Haber/Beran KİŞİN
Fark etmesi zor olan şiddet türlerinden psikolojik şiddet, kişinin kendini suçlu, güvensiz ve çaresiz hissetmesine sebebiyet veren bir şiddet türü olarak tanımlanıyor. Yapılan birçok araştırmaya göre, psikolojik şiddet, fiziksel şiddet ve diğer şiddet çeşitlerine oranla daha fazla uygulanıyor. Next Genaration (NG) Araştırma Şirketi’nin yaptığı araştırmalar sonucunda kadınların yüzde 43’ünün hayatında en az bir kez psikolojik şiddette maruz kaldığı ve bunların yüzde 10’unun bu şiddeti tanımlayamadığı yer alıyor.

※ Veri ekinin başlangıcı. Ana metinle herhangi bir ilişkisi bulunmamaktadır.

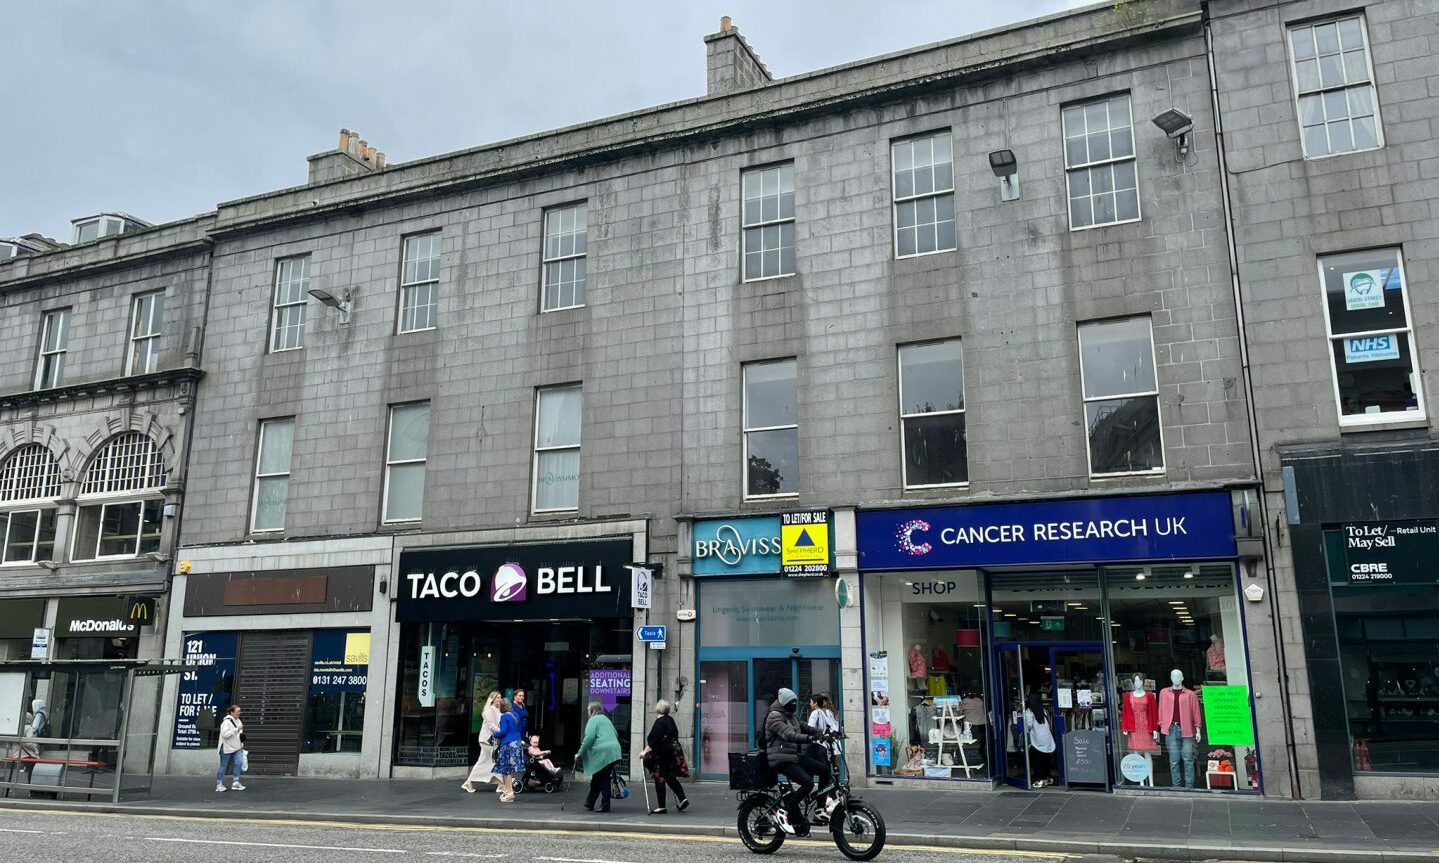 The street also contains a Taco Bell branch, a closed bra shop and a Cancer Research charity shop - all sandwiched between two other empty units.

FİZİKSEL ŞİDDETE DÖNÜŞEBİLİYOR
Sosyal-psikolog İrem Gönç, psikolojik şiddetin tanımını “Sevgi, ilgi, destek, değer gibi duygusal ihtiyaçlar (vb.) kadın üzerinde kontrol sağlamak için keyfi şekilde karşılanıyorsa veya hiç karşılanmıyorsa, erkek kendi isteklerini yaptırmak için cezalandırıcı, küçük düşürücü, yaralayıcı, tehdit edici davranış ve tutumlar sergiliyorsa bunlar psikolojik şiddettir” şeklinde yaptı. Gönç, sürdürüldüğü taktirde fiziksel şiddete dönüşebilme ihtimali olan psikolojik şiddeti tanıyabilme ve buna karşı önlemler alabilmenin önemine işaret etti.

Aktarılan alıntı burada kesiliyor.